Australian Prime Minister Scott Morrison recently called India “a trusted friend of Australia” while India’s The Economic Times newspaper commented on June 5 that “the widening of the Indo-Australian strategic partnership is also significant amid the standoff at the Line of Actual Control between India and China and it could send a message to Beijing.”

The US sent an even stronger message to China’s leaders when, in the first week of June, the guided-missile destroyer Russell transited the Taiwan Strait. It was the second such trip since May and US Pacific Fleet spokesperson Rachel Maul said that it “demonstrates the US commitment to a free and open Indo-Pacific. The US Navy will continue to fly, sail and operate anywhere international law allows.”

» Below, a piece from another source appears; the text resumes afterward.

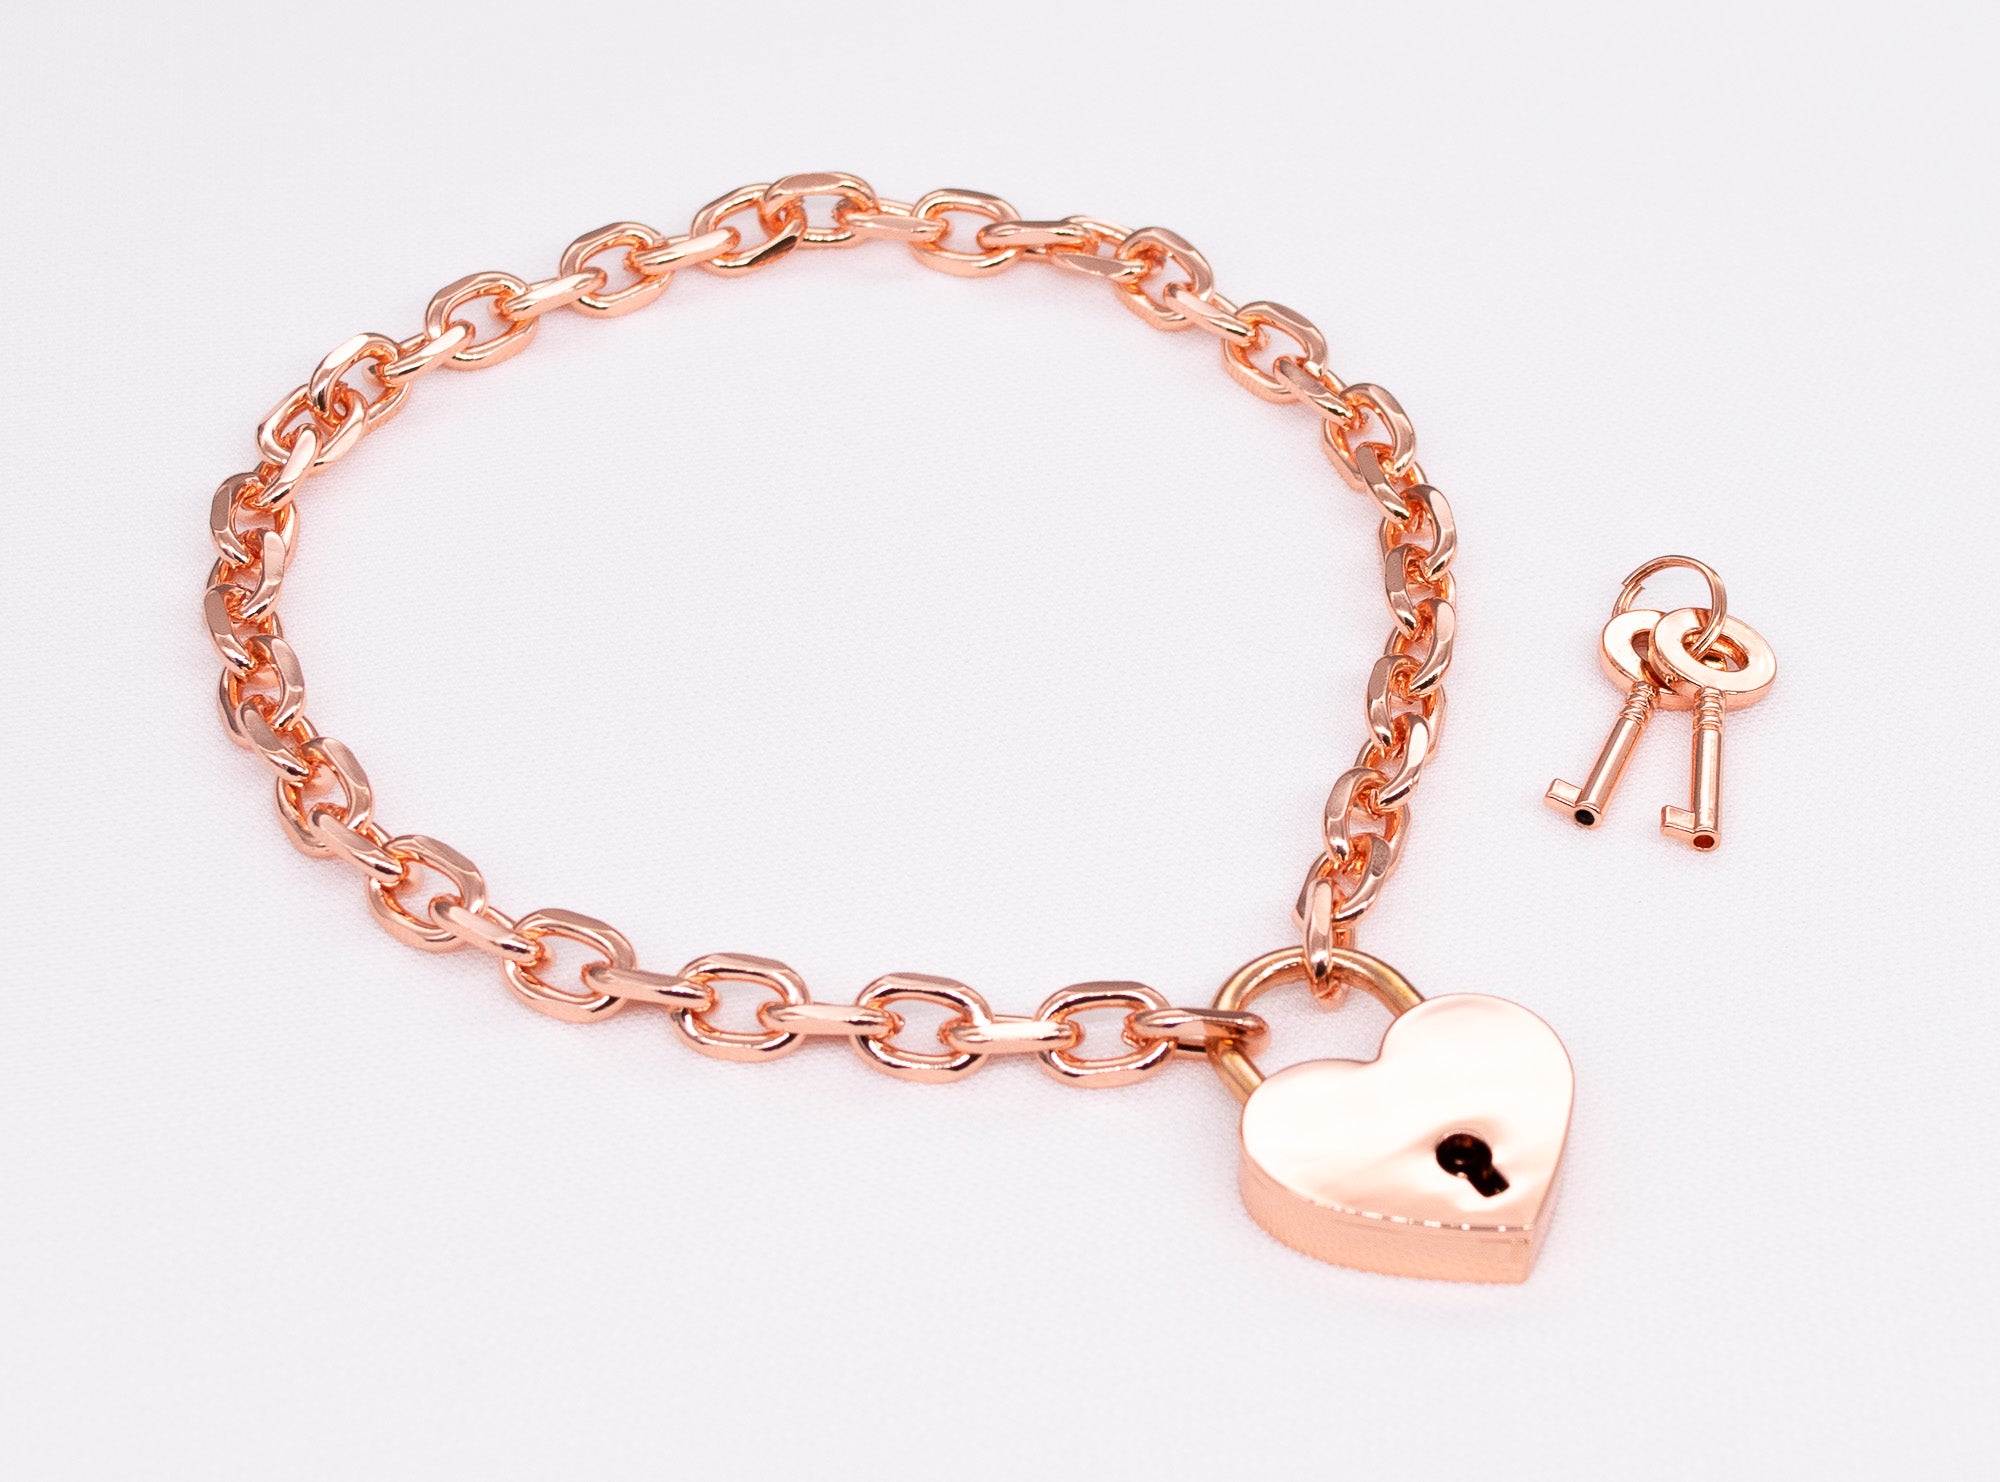 Discreet Day Collar - Rose Gold Heart Locked O-link Chain Choker

The transit was no doubt in response to China’s saber-rattling against Taiwan and shows that the Covid-19 crisis, which has hit the US especially hard, does not mean that Washington has forgotten its defense obligations in the Asia-Pacific.

China’s policies in that theatre have helped to forge a new informal alliance between Taiwan and Japan. Indeed, Tokyo called Taiwan “an extremely important partner” in this year’s annual foreign policy report. On May 20, Japan’s government spokesman Yoshihide Suga said Tokyo is “eager to deepen its ties with Taiwan as its president, Tsai Ing-wen, begins her second term in office.”

From the Himalayan mountains to the South China Sea, China’s recent actions are redounding on Beijing in unforeseen ways and maybe pushing the encirclement it aims to avert. How that new dynamic will play out will be clearer once the Covid-19 crisis ends and countries take a clearer measure of China’s recent moves, including the killing of 20 Indian soldiers with crude implements over a contested, rocky mountainous border.